HER2+ Breast Cancer: Trastuzumab Deruxtecan Retreatment Options
Confront HER2+ breast cancer with informed decisions. This report analyzes key findings on trastuzumab deruxtecan retreatment options with critical insights for managing interstitial lung disease (ILD), a meaningful side effect. Discover how early steroid intervention dramatically cuts ILD recovery time, a crucial element for patients. Following guidelines, learn the six-week protocol for restarting treatment after grade 1 ILD, and understand why moving trastuzumab deruxtecan to earlier stages requires extra caution. News Directory 3 provides patients and medical professionals with the latest updates. Explore new research and updated protocols on breast cancer in this comprehensive analysis. Discover what’s next concerning ILD management and treatment strategies.
Managing Interstitial Lung Disease with Trastuzumab Deruxtecan in Breast Cancer Treatment
Trastuzumab deruxtecan, an antibody-drug conjugate, has emerged as a significant treatment for HER2-positive breast cancer. However,its use is complex by the risk of interstitial lung disease,a perhaps fatal side effect.
Current guidelines recommend discontinuing trastuzumab deruxtecan for patients who develop grade 2 ILD. While retreatment is possible for those with grade 1 ILD, limited data existed on patient outcomes after restarting the medication. Recent research is providing insights into this area.
Hope S. Rugo, MD, division chief of breast medical oncology at city of Hope, presented real-world evidence from five institutions (2017-2024) at the American Society of Clinical Oncology annual meeting on May 30, 2025.The study examined outcomes of patients who were retreated with trastuzumab deruxtecan after recovering from ILD.Preliminary data had been shared at the European Society for Medical Oncology meeting in 2024.
The research indicated no significant differences in demographics, time to ILD onset, rechallenge timing, or recurrent ILD among patients. A key finding highlighted the importance of early steroid use, which reduced recovery time by more then half compared to patients who did not receive steroids.
Rugo outlined a specific protocol for managing grade 1 ILD to facilitate a swift return to therapy. “If the scan shows grade 1 ILD, you start the steroids [and] skip that dose. Then, 3 weeks later, you’ll want to have another scan so that you can get the next treatment on schedule.” This approach results in a six-week interval between doses.

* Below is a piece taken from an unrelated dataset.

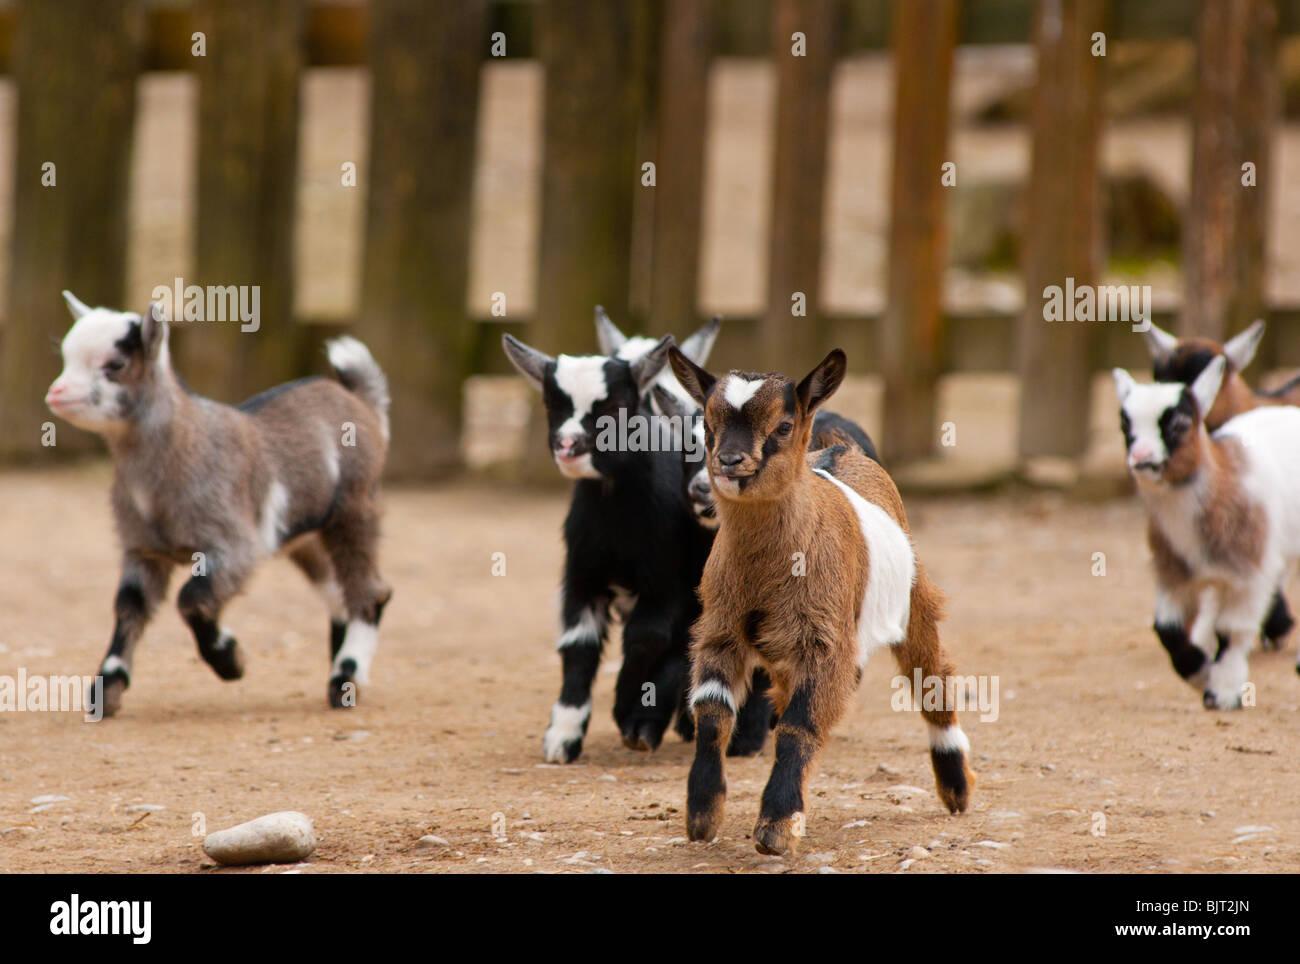 Cute Baby Ziegen laufen Stockbild

Despite the inclusion of grade 2 ILD cases in the study, Rugo does not advocate for changes to current guidelines. She emphasized the need for caution, stating, ”We need to be ultra safe,” particularly when determining if grade 2 ILD is drug-related. Rugo noted that while trastuzumab deruxtecan is a highly effective ADC, other effective options exist.

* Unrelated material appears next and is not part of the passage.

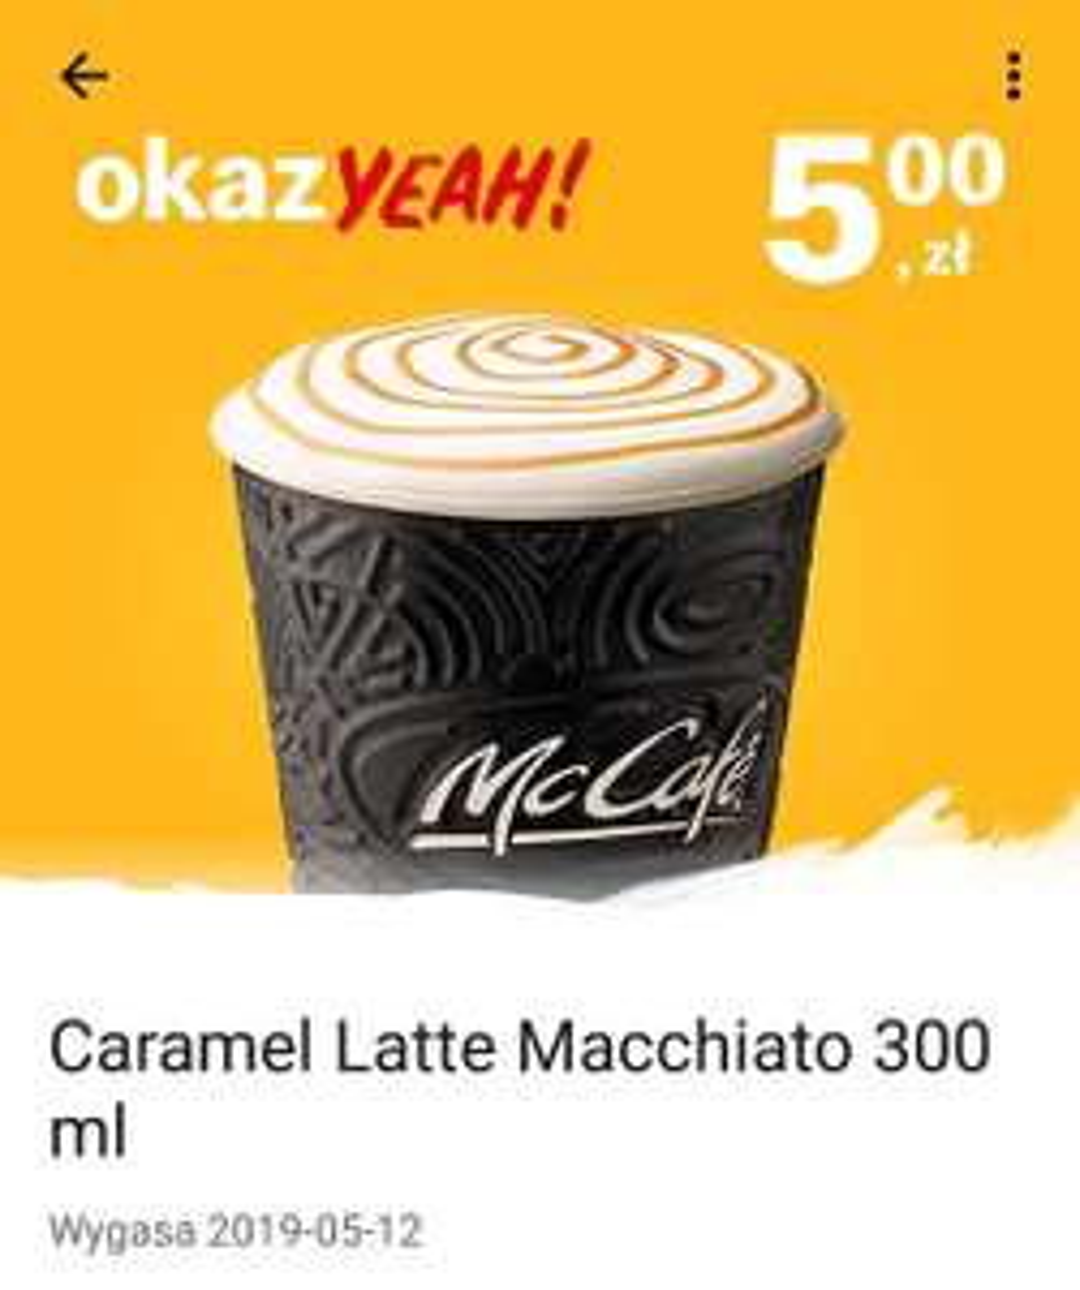 Caramel Latte Macchiato 300ml za 5zł w McDonald's KOD: 218579

Rugo stressed vigilance, especially considering the DESTINY-Breast09 trial results. “As we move the drugs earlier into the course of treatment, we definitely do not want to shorten life or cause significant disability,” she said.
What’s next
Ongoing research will likely focus on refining ILD management strategies and identifying predictive factors for its progress, ensuring safer and more effective use of trastuzumab deruxtecan in earlier lines of breast cancer treatment.